Всех просто-таки прорвало. Всем нужно было выговориться. И всех выслушали, пусть выступления не всегда были содержательно. К тому времени, когда можно было приступить к голосованию, Реймонт и Линдгрен смертельно устали.

Как только люди разбились на отдельные группы, продолжая на все голоса обговаривать результаты собрания, Линдгрен улучила момент и, взяв Реймонта за руки, негромко проговорила:

— Как мне хочется снова стать твоей, Карл!

— Завтра? — растерянно прошептал Реймонт. — Переедем… объясним все Чиюань и Элофу, и… Завтра, моя Ингрид?

— Нет, — ответила она. — Ты не дал мне закончить, — это кричит моя душа, а я не могу.

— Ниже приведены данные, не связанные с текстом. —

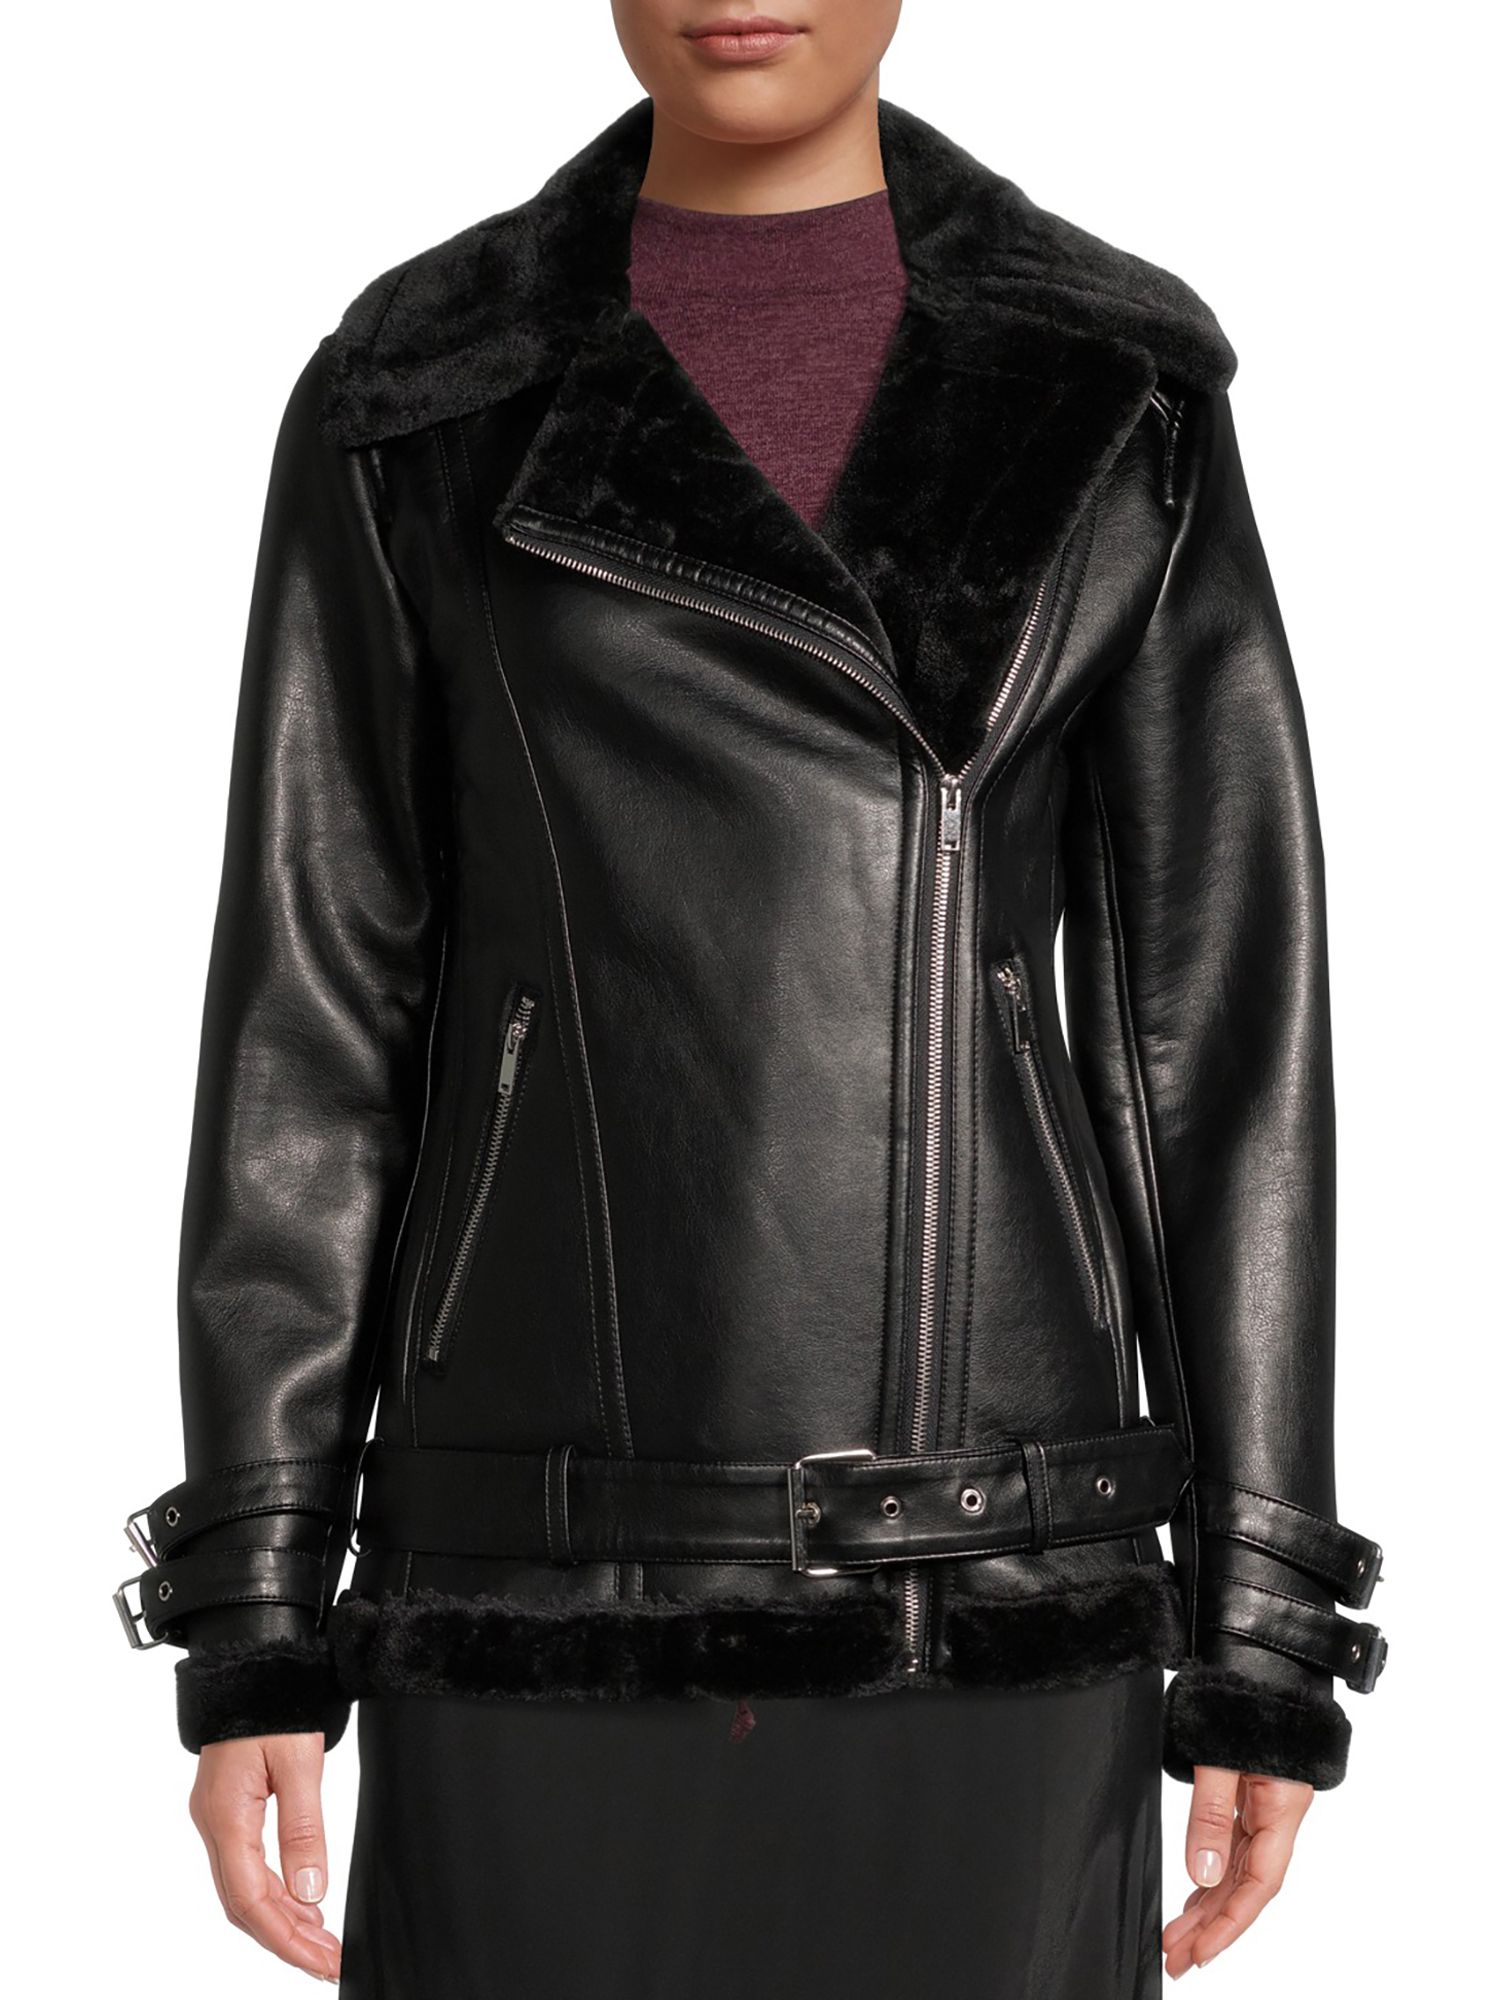 Mark Alan - Mark Alan Women's Vegan Leather Faux Fur Lined Moto Jacket - Walmart.com

Остолбенев, Реймонт прошептал:

— Почему?

— Мы не имеем права рисковать. Эмоции у всех на пределе. Сейчас дорого спокойствие каждого из нас. Элоф и Айлинь будут тяжело переживать. Нельзя. Смерть так близко.

— Он и она могли бы… — начал было Реймонт и прервал себя, не договорив. — Нет. Могли бы, но нет.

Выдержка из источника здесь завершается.